The last time this happened, Brandon Johnson got fairly creative in deciding whom to blame for Chicago’s woes. You might have expected Trump, or his predecessor Lori Lightfoot, or “institutional racism,” but as it turns out, Johnson understood that Democrats had to fight the real enemy: Richard Milhous Nixon. Facing the humiliating budget shortfall after years of financial mismanagement, on Tuesday Johnson was even more inventive in his choice of a malefactor to blame: former mayor Rahm Emanuel (last in office in early 2019).

“The playbook that Donald Trump is running is the playbook Rahm Emanuel executed in the city,” Johnson said. “We didn’t get here because we just happened to have a tyrant in the White House. We got here because someone gave him the script. Shutting of schools, the firing of Black women, the privatizing of our public education system is why the system is as jacked up as it is today.”

The year Rahm Emanuel took office, 2011, was also the year Johnson, then a Chicago Public Schools teacher, became an organizer with the Chicago Teachers Union.

In 2012, Johnson helped organize a massive teachers’ strike. In 2013, Mayor Emanuel closed 53 CPS schools — mainly on the South and West sides.

I included those last two lines from the news story because it saves me an enormous amount of time in explaining the real dynamic here, for those unfamiliar with Brandon Johnson’s political origins and motivations The twin formative crucibles of Brandon Johnson’s political worldview have demonstrably been his work lobbying for the CTU during the ’10s and his Black Lives Matters activist turn in the wake of the George Floyd riots. In both lines of work he fine-tuned his instincts as a spendthrift eager for scapegoats.

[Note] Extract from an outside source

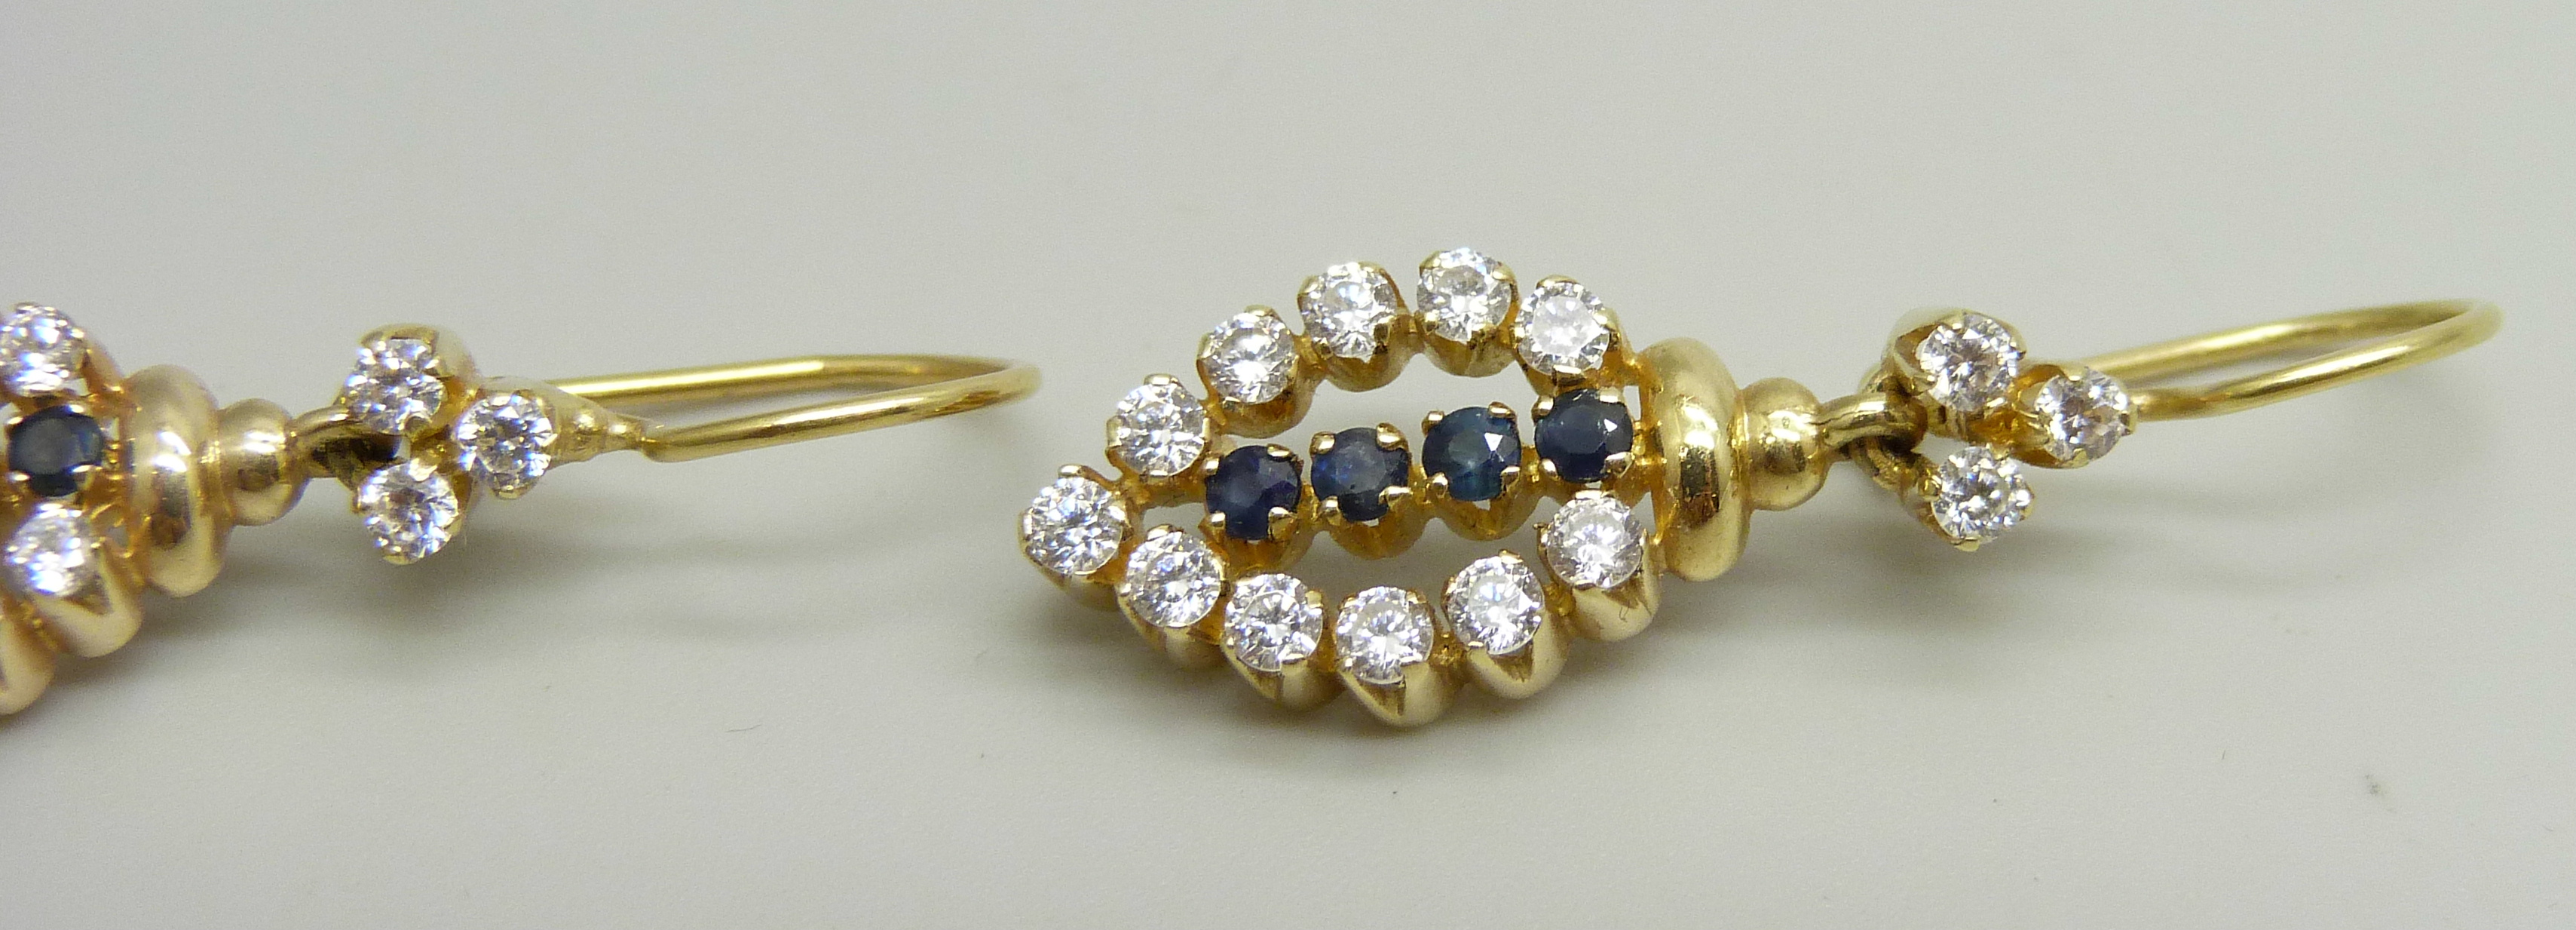 A pair of yellow metal drop earrings set with white and dark blue stones, approximately 3.6cm drop - Image 3 of 4

Rahm Emanuel is an easy enough target for a man like Johnson, and not merely because he organized a labor strike against Emanuel. It is because, even though absence tends to make the heart grow fonder, Emanuel is still an immensely controversial figure in Chicago. By remarkable chance, the first piece I ever wrote for National Review as a freelance essay nearly a decade ago was a story about the Laquan McDonald shooting and cover-up that destroyed Rahm Emanuel’s second mayoral term almost immediately after he had won reelection and laid the groundwork for two successive failed mayorships. Emanuel left office wildly unpopular, and it’s equally important to realize that he was already toxically unpopular — so much so that when he won his reelection against a joke candidate (Chuy Garcia) it was, until then, at least, the tensest race in Chicago mayoral history. No race had been forced into a runoff since the new system was installed in 1999. (Tellingly, the next two races in 2019 and 2023 would be even narrower.)

Emanuel is not the answer, and Johnson singles him out for particular disdain because he remains easy enough to villainize: The man had his chance, and the only person interested in Rahm Emanuel’s return to Chicago politics is Rahm Emanuel. Our bumbling fool of a mayor, however, knows that whatever financial shortfalls and challenges his administration may face, it’s reliably someone else’s fault — whether the damage was done half a decade or half a century ago.